I've been shooting that bullet for close to 20 years, my rifle pushes them best with 90 grains of ffg blackpowder. Anything less or more even by 5 grains and they don't pattern real well, but I'll tell you from experience, they KNOCK the crap out of deer. I have not had the opportunity to shoot an elk with one, but they have the power!


----------



## ultramagfan2000 (Nov 27, 2009)

When I had a 54 Cal Remington 700ml the 425 grain Great Plains with 90 grains of Goex FFg shot awesome. I killed many deer with it each time it was like they were struck by lightning. I had some problems that required me to send it to Remington. Sadly I got back a 50 Cal with a note saying they no longer made a 54 Cal. The 50 just isn't the same.


----------



## colorcountrygunner (Oct 6, 2009)

I forgot to mention the powder charge guys and I'm using the same as what both of you said, 90 grains. It's shooting really well! I used to hunt with a .50 cal shooting 350 grain maxi hunters and had fairly good results but I'm really looking forward to trying out these bigger .54 caliber sledge hammers!


----------



## utahgolf (Sep 8, 2007)

no idea now, I was shooting 130 grains of triple 7 in pellets with a 250 grain barnes tez spitfire. but I had a horrible range day. Now thinking of 100 grains of pyrodex with 250 grain hornady sst.


----------



## colorcountrygunner (Oct 6, 2009)

utahgolf said:


> no idea now, I was shooting 130 grains of triple 7 in pellets with a 250 grain barnes tez spitfire. but I had a horrible range day. *Now thinking of 100 grains of pyrodex with 250 grain hornady sst.*


This was my load last year and it shot great out of a Knight T-bolt. Hopefully you find something that works good soon!


----------



## ridgetop (Sep 13, 2007)

I'm shooting the 250 grain (low drag) Hornady sst w/ 100 grains of loose 777 out of a 50 cal. Knight BK 92.


----------



## Bo0YaA (Sep 29, 2008)

I to am shooting the 250gr Hornady sst low drag but I'm using 110gr of BH209 out of my Thompson Encore.


----------



## DallanC (Jan 13, 2009)

I'm still using 240grn XTP's over 90 grns Pyro RS. It is just flat out is the most accurate load I've tried. Eventually, when I finish off my box of XTP's I will switch over to SST's... but at 1 bullet per year per deer... thats going to be a while. 

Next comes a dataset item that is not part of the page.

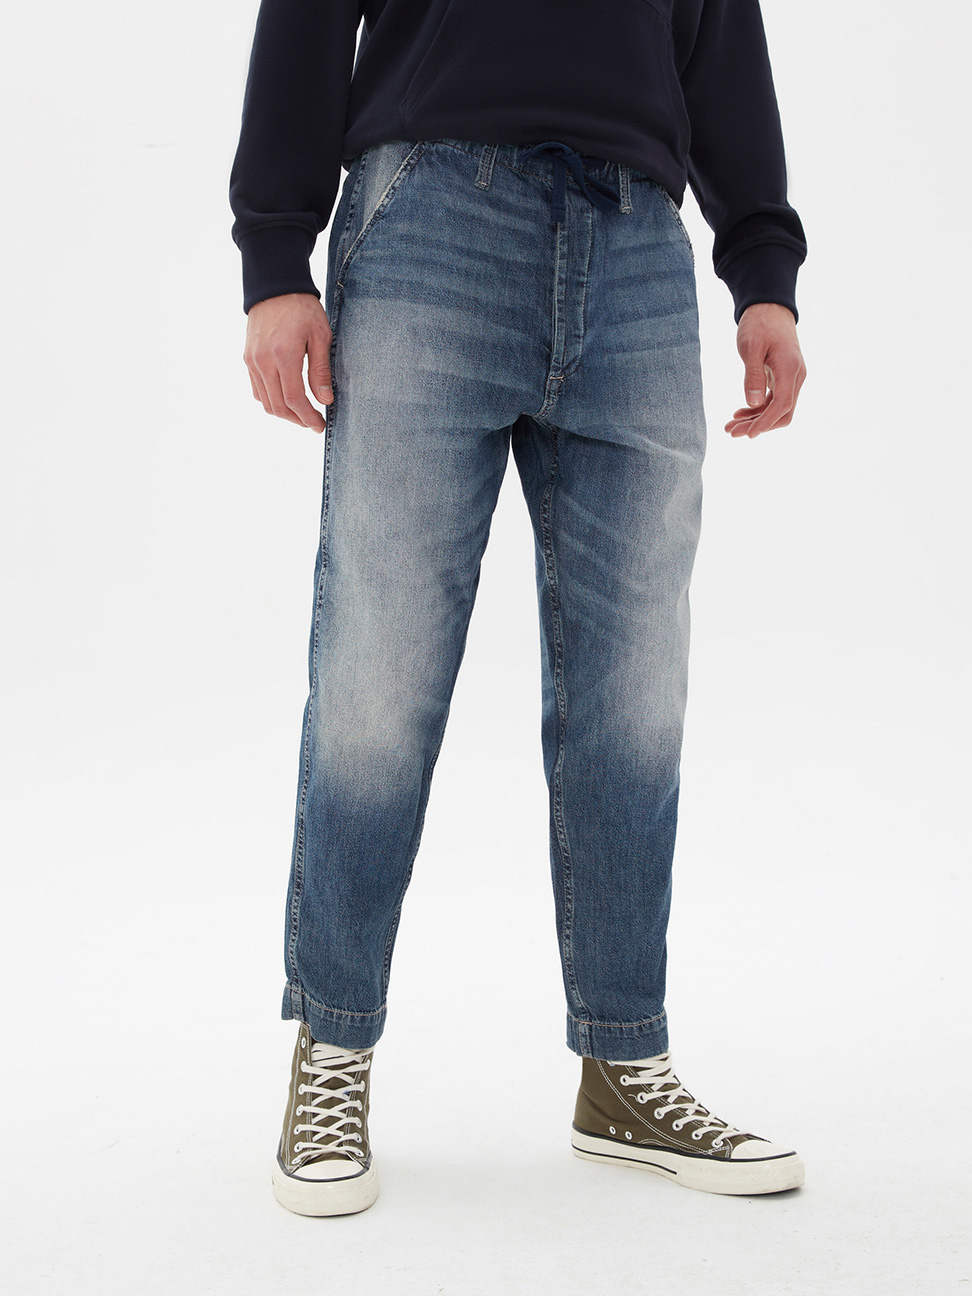 男裝|款棉質水洗鬆緊牛仔褲 1969復古經典系列-復古中度靛藍

For Elk I use 300grn XTPs over 110 grns of Pyro RS.


-DallanC


----------



## waspocrew (Nov 26, 2011)

I'm shooting a 300 Gr. Traditions Smackdown (Hornady SST) over 100 grns of T7. I've got pretty good results and I'm sure it'll knock a deer off its feet.


----------



## bullsnot (Aug 10, 2010)

I'm shooting 300 gr SST's pushed by 100 gr of 777 pellets.


----------



## klbzdad (Apr 3, 2012)

250 grain t/c shockwave with 100 grain T7 pellets


----------



## Uni (Dec 5, 2010)

klbzdad said:


> 250 grain t/c shockwave with 100 grain T7 pellets


I'm using the same load in my triumph.


----------



## Fishracer (Mar 2, 2009)

245gr power belt 100gr pyrodex pellets.


----------